As filed with the Securities and Exchange Commission on November 1, 2001
                                                   Registration No. 333-________
================================================================================
                       SECURITIES AND EXCHANGE COMMISSION
                             WASHINGTON, D.C. 20549

                                   ----------

                                    FORM S-8
                             REGISTRATION STATEMENT
                                      UNDER
                           THE SECURITIES ACT OF 1933

                                   ----------

                         THE ESTEE LAUDER COMPANIES INC.
             (Exact Name of Registrant as Specified in its Charter)

               Delaware                              11-2408943
   (State or Other Jurisdiction of      (I.R.S. Employer Identification No.)
    Incorporation or Organization)

                                767 Fifth Avenue
                            New York, New York 10153
                                 (212) 572-4200
               (Address, Including Zip Code, and Telephone Number,
        including Area Code, of Registrant's Principal Executive Offices)

                         THE ESTEE LAUDER COMPANIES INC.
                        FISCAL 2002 SHARE INCENTIVE PLAN
                              (Full Title of Plan)

                              Paul E. Konney, Esq.
              Senior Vice President, General Counsel and Secretary
                         The Estee Lauder Companies Inc.
                                767 Fifth Avenue
                            New York, New York 10153
                                 (212) 572-4200
                     (Name and Address, Including Zip Code,
        and Telephone Number, Including Area Code, of Agent For Service)

                                   Copies to:
                            Jeffrey J. Weinberg, Esq.
                           Weil, Gotshal & Manges LLP
                                767 Fifth Avenue
                            New York, New York 10153
                                 (212) 310-8000

                         CALCULATION OF REGISTRATION FEE
===================================================================================================================================
    Title of Securities to be Registered         Amount to be         Proposed Maximum       Proposed Maximum        Amount of
                                                                     Offering Price Per     Aggregate Offering
                                                 Registered(1)            Share(2)               Price(2)         Registration Fee
-----------------------------------------------------------------------------------------------------------------------------------
                                                                                                         
Class A Common Stock, par value $0.01 per share  12,000,000 shares   $32.67                 $392,040,000          $98,010
===================================================================================================================================
(1) Plus such indeterminate number of shares of Common Stock of the Registrant
as may be issued to prevent dilution resulting from stock dividends, stock
splits or similar transactions in accordance with Rule 416 under the Securities
Act of 1933.
(2) Estimated solely for purposes of calculating the registration fee pursuant
to Rule 457 of the Securities Act of 1933.
===================================================================================================================================


NY2:\1086125\02\N@2502!.DOC\44090.0009


                                     PART I

              INFORMATION REQUIRED IN THE SECTION 10(a) PROSPECTUS

Item 1.           Plan Information

                  The documents containing the information specified in Part I
of this Registration Statement will be sent or given to employees as specified
by Rule 428(b)(1). Such documents are not required to be and are not filed with
the Securities and Exchange Commission (the "Commission") either as part of this
Registration Statement or as prospectuses or prospectus supplements pursuant to
Rule 424. These documents and the documents incorporated by reference in this
Registration Statement pursuant to Item 3 of Part II of this Form S-8, taken
together, constitute a prospectus that meets the requirements of Section 10(a)
of the Securities Act of 1933, as amended (the "Securities Act").

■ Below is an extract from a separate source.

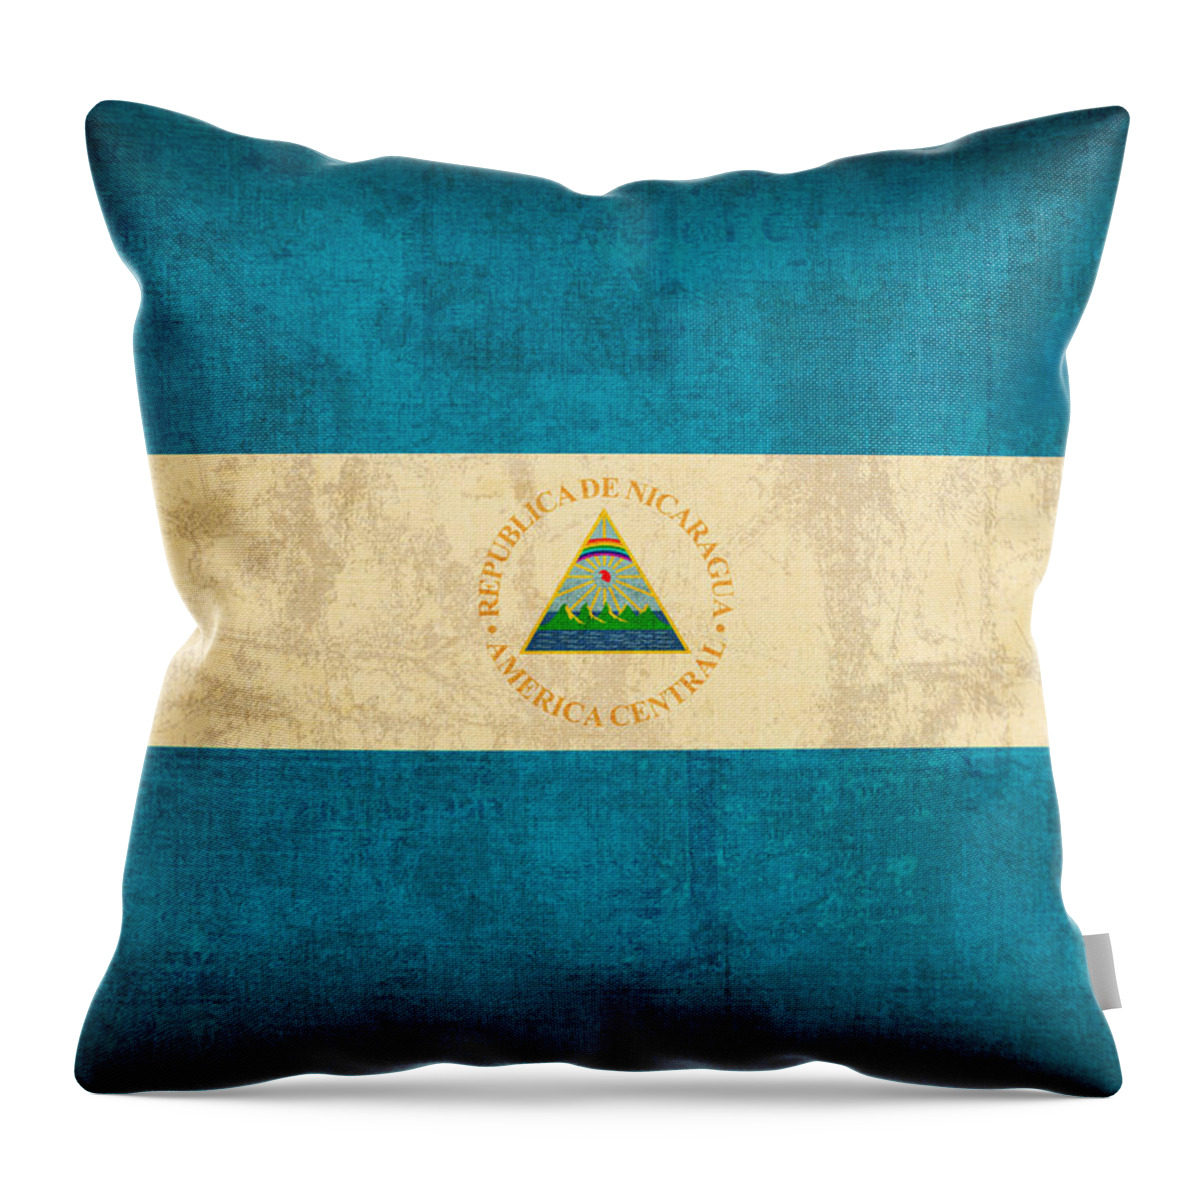 Nicaragua Throw Pillow featuring the mixed media Nicaragua Flag Vintage Distressed Finish by Design Turnpike
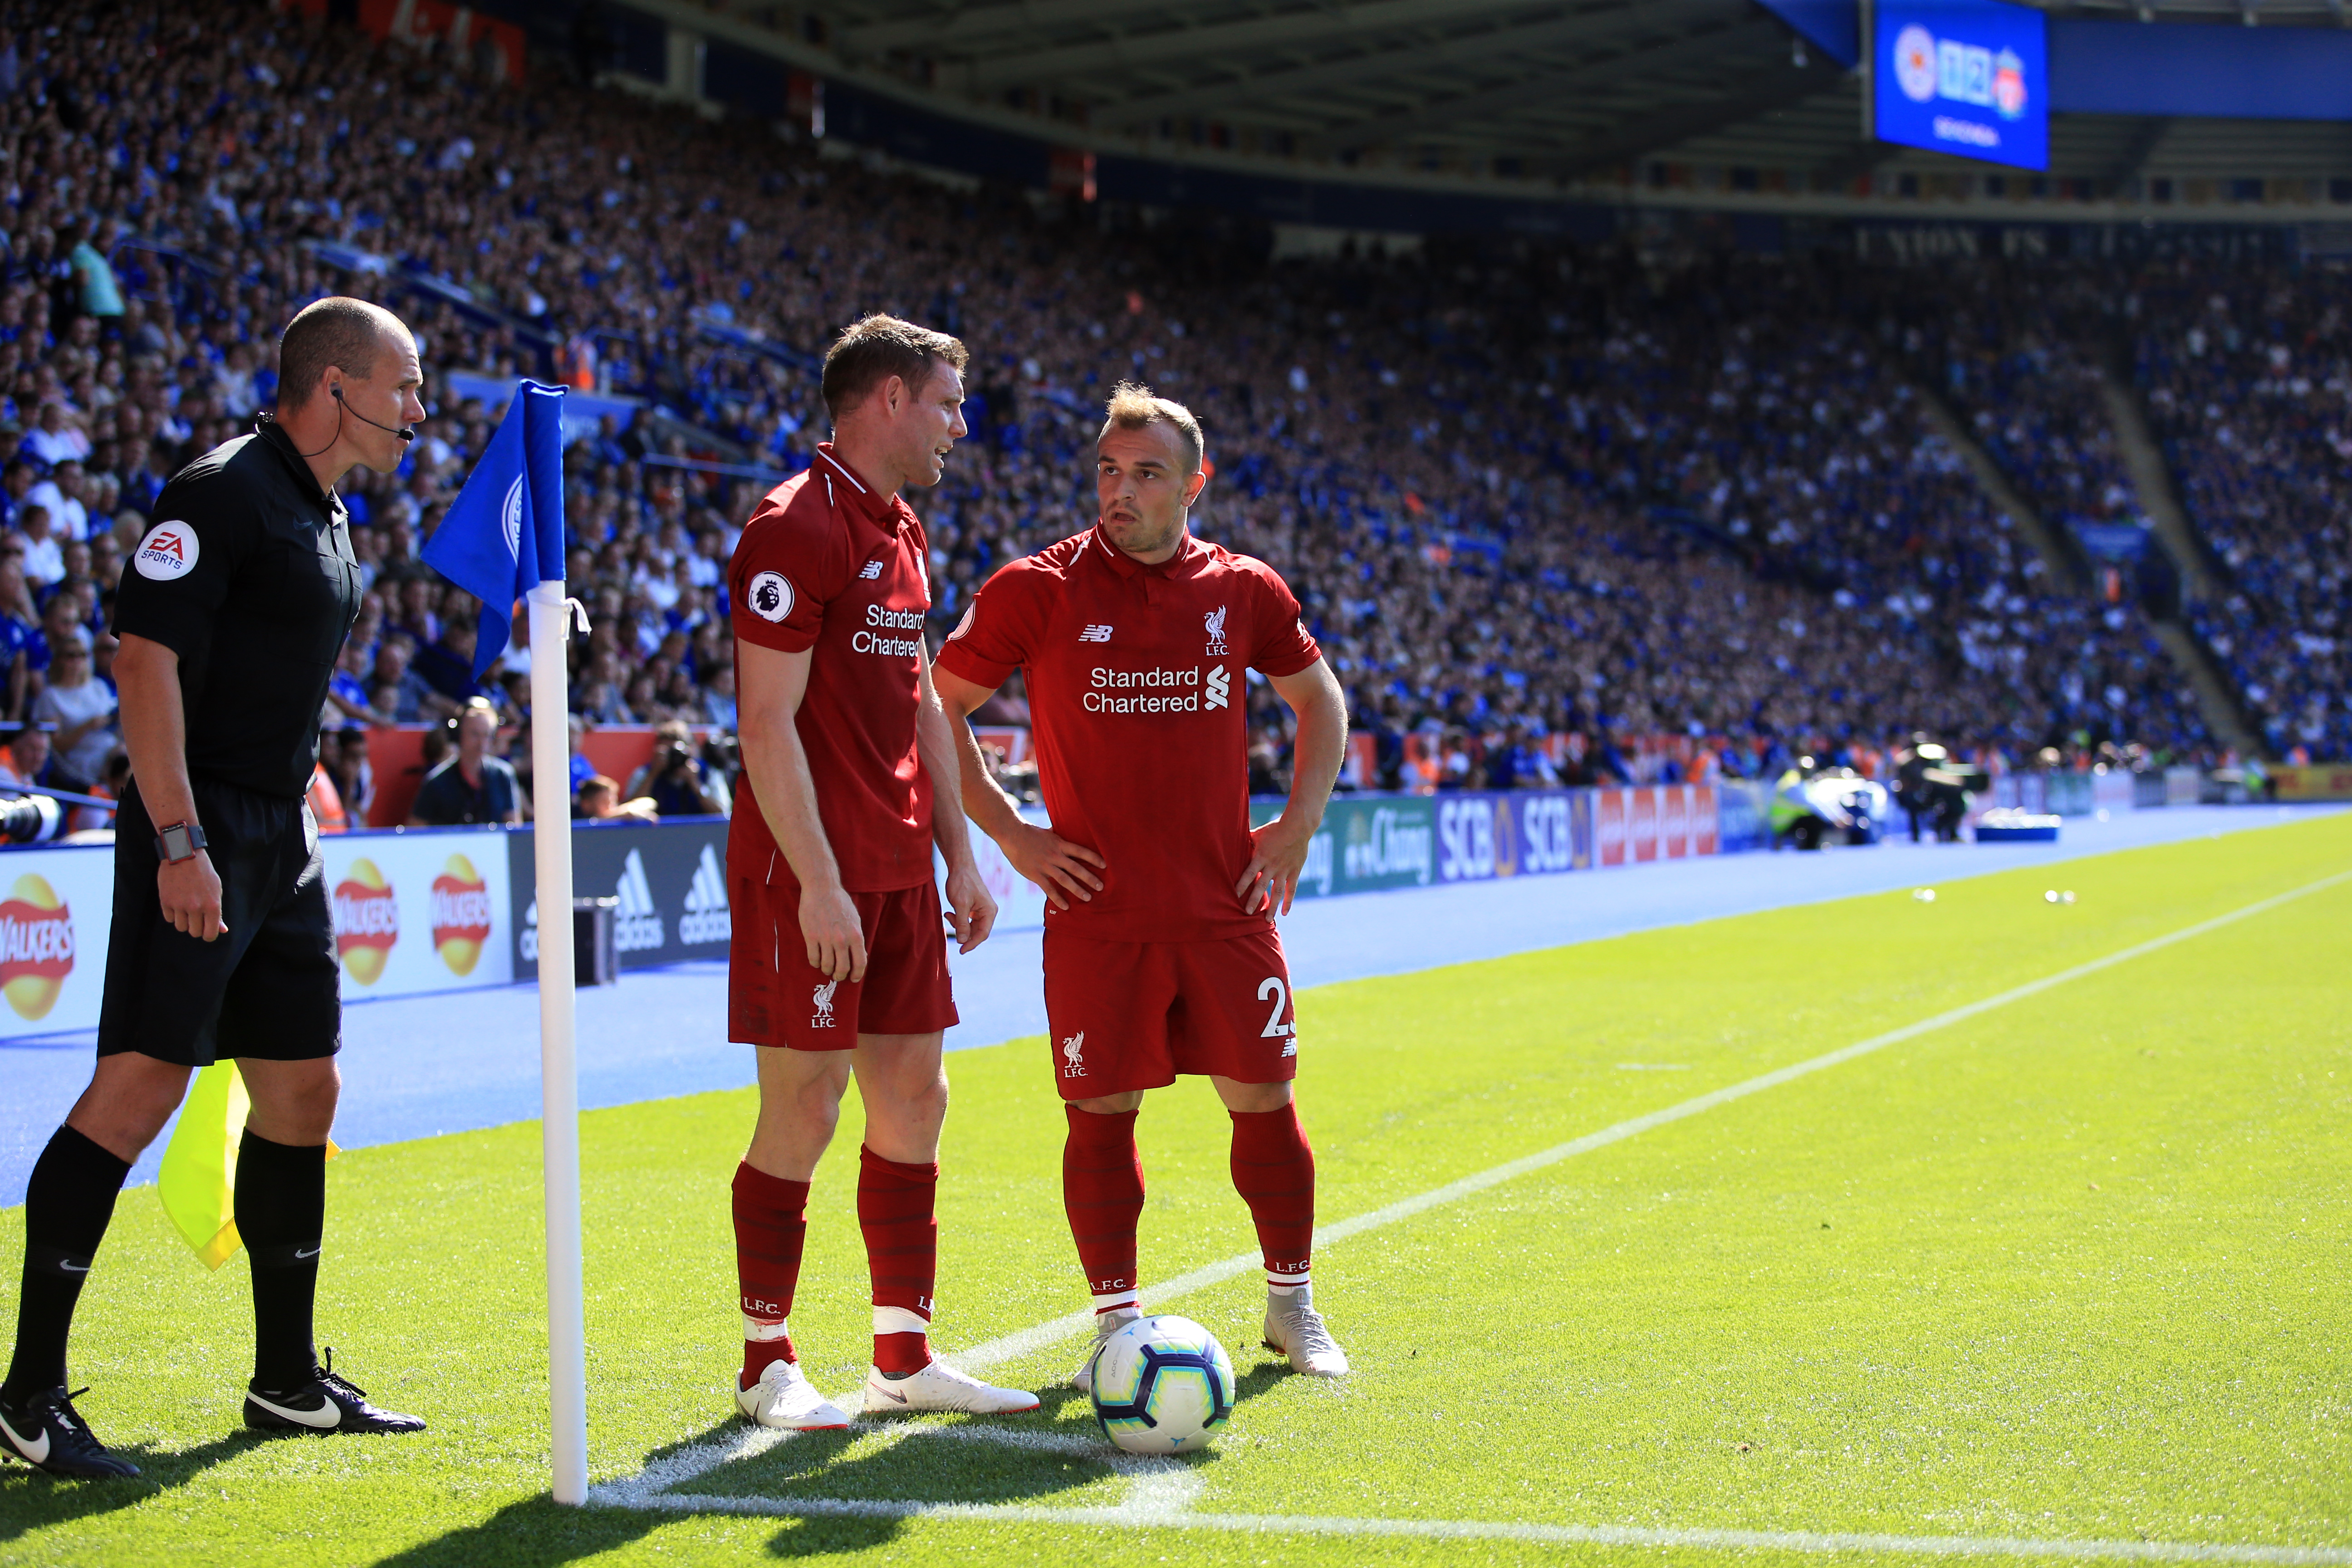 LEICESTER, ENGLAND - SEPTEMBER 01:  Xherdan Shaqiri and James Milner of Liverpool in discussion over a corner as the linesman looks on during the Premier League match between Leicester City and Liverpool FC at The King Power Stadium on September 1, 2018 in Leicester, United Kingdom. (Photo by Marc Atkins/Getty Images)

Item 2.           Registrant Information and Employee Plan Annual Information

                  Upon written or oral request, any of the documents
incorporated by reference in Item 3 of Part II of this Registration Statement
(which documents are incorporated by reference in this Section 10(a)
Prospectus), other documents required to be delivered to employees pursuant to
Rule 428(b) or additional information about The Estee Lauder Companies Inc.
Fiscal 2002 Share Incentive Plan are available without charge by contacting:

                         The Estee Lauder Companies Inc.
                                767 Fifth Avenue
                            New York, New York 10153
                                 (212) 572-4200

                     Attention: Human Resources Department -
                                Stock Plan Administration



                                     PART II

               INFORMATION REQUIRED IN THE REGISTRATION STATEMENT

Item 3.           Incorporation of Documents by Reference.

                  The following documents filed with the Commission by The Estee
Lauder Companies Inc. (the "Company") are incorporated herein by reference:

         (a)      The Company's Annual Report on Form 10-K for the fiscal year
                  ended June 30, 2001;

         (b)      (1) The Company's Quarterly Report on Form 10-Q for the
                  quarter ended September 30, 2001;

                  (2) The Company's Current Report on Form 8-K filed with the
                  Commission on September 28, 2001;

         (c)      The description of the Company's Class A Common Stock, par
                  value $0.01 per share (the "Common Stock"), contained in the
                  Company's Registration Statement on Form 8-A filed with the
                  Commission pursuant to Section 12 of the Securities Exchange
                  Act of 1934 (the "Exchange Act") on November 8, 1995,
                  including any amendment or report filed for the purpose of
                  updating such description.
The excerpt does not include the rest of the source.